Ask a Young Clergy Woman – Making Friends


Post Author: Askie


Dear Askie,

Girls in Snow Askie Jan 2014How do we make friends as YCW?  Growing up, I made friends at church and school.  Now, I keep hearing that you can’t / shouldn’t be friends with parishioners, but I’m not meeting many people outside of my congregation.  I know I’m a better pastor when I have friends outside of my church, but how do I meet them?  Help!

Feeling Lonely.

Dear Feeling Lonely,

This is a great question!  Having friends outside of work is something all people should think about, not just pastors.  Now, there are some who will passionately disagree with the statement that you can’t/shouldn’t be friends with members of your congregation.  Askie has found that it is possible, and even life giving, if everyone has good, clear boundaries.  These can be tricky waters to navigate, and (in my humble opinion) these friendships can be good, but only if you have other friendships as well.  One or two particular church families should not be the entirety of your social life.  In traditions where the pastor/minister/priest moves frequently, making friends with church members may be a little easier as there is no expectation of you staying forever.

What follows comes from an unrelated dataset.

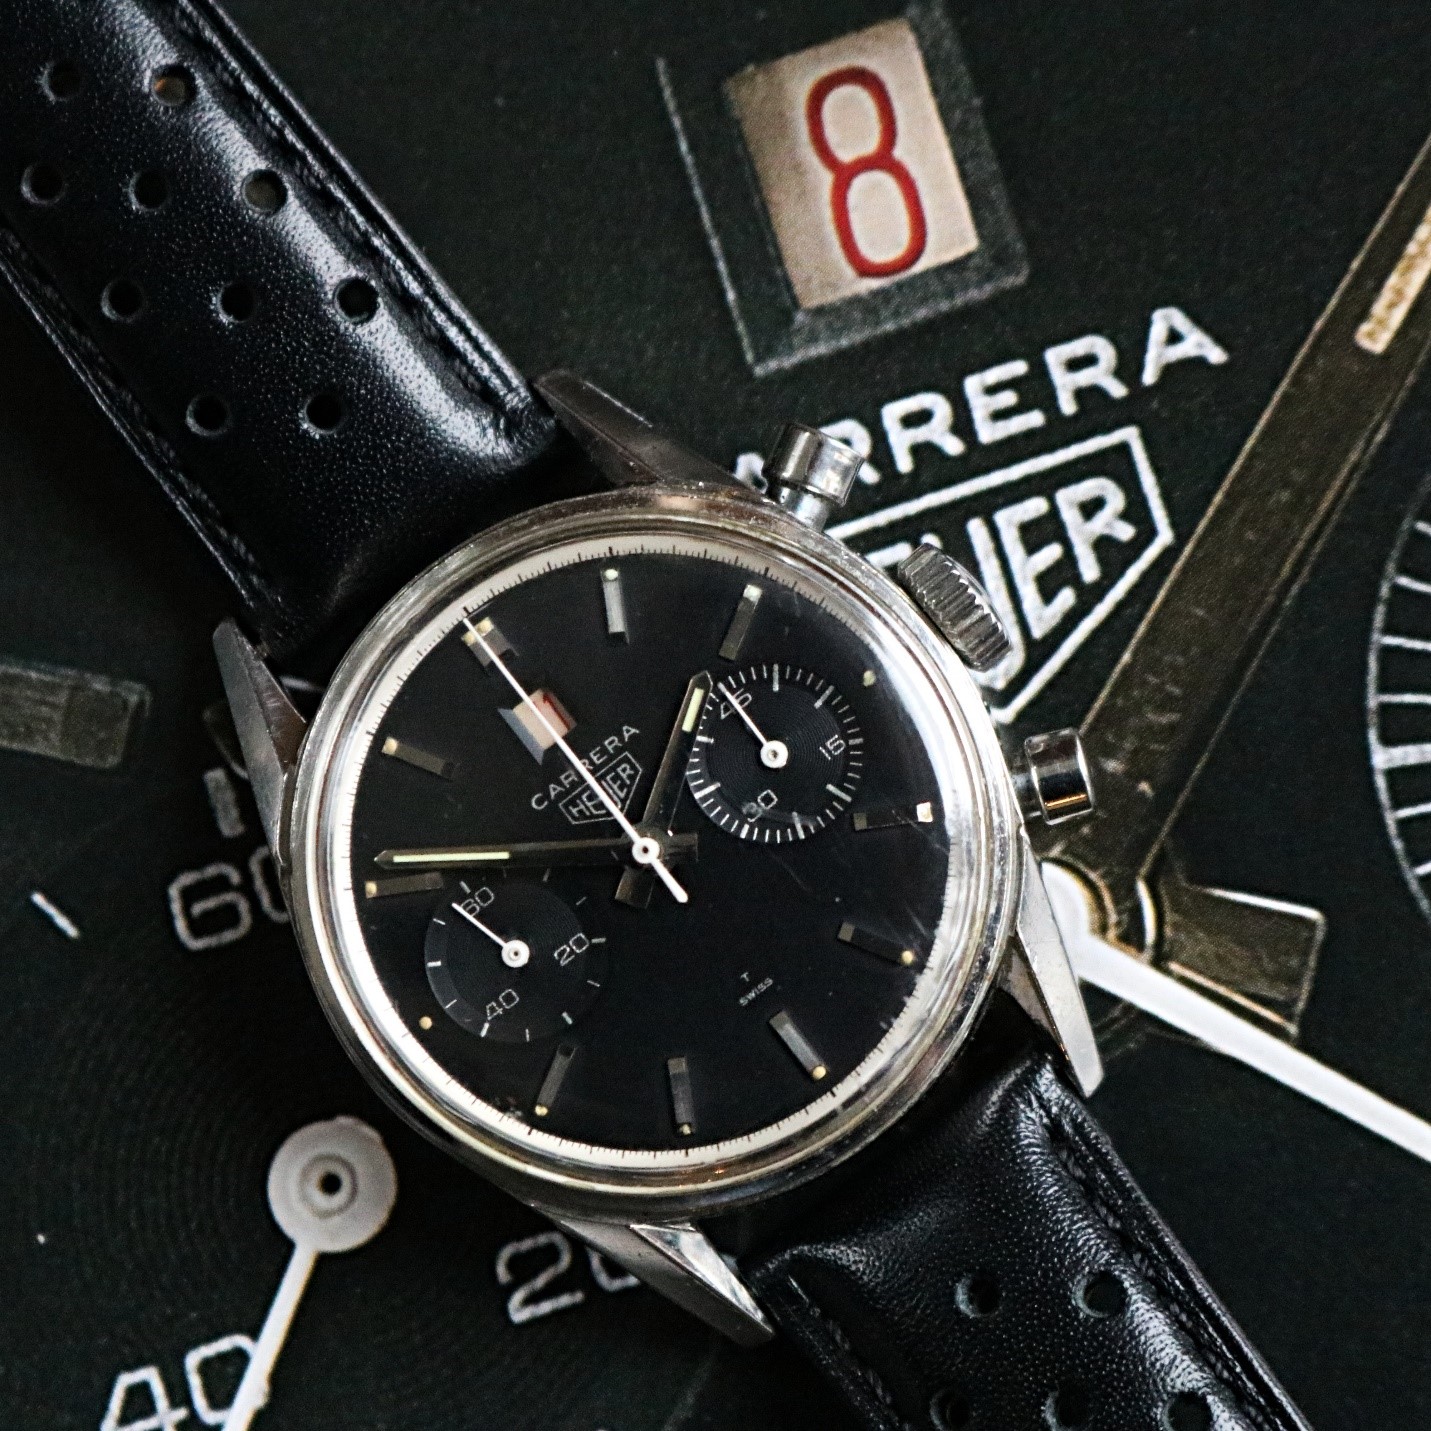 IN PICTURES: A Brief History Of The TAG Heuer Carrera

So, where else do we go to make friends?  What are your hobbies?  Askie knows a knitter who found a knitting group at the local yarn shop.  Do you enjoy photography, sewing, cooking, painting, or writing?  Perhaps going back to school is the answer!  Shops may offer classes or workshops that will enable you to grow your skill set as well as make new friends.  Be willing to try different experiences, and go back – if at first you don’t succeed…..

Do you have kids?  Their schools may be the answer.  You don’t have to go back and sit in the classroom, but can make friends with the parents of their friends.  If you can, chaperone the fieldtrips or attend the class parties and make it a point to interact with the other grownups.  The mom you shyly said hello to on the first day of kindergarten may end up being your BFF that you sob with at high school graduation.  No kids?  Do you have significant other?  If so, attend his or her work functions with joy rather than dread.  A glass of wine may lead to good conversation with Jean from accounting about your mutual love of Hoarders or Say Yes to the Dress.

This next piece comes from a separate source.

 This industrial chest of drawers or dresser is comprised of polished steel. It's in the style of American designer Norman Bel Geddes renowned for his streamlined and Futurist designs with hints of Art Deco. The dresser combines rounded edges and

Civic clubs may be another place to make friends with mutual interests.  The Junior League, Rotary, Kiwanas, etc. might be a good place where you can serve outside the church and meet people.  Volunteering in general (without the meetings!) may be a great way to find new friends.  Spend a morning planting trees or walking dogs.  Often, the local newspaper will have a list of community events where you can find opportunities.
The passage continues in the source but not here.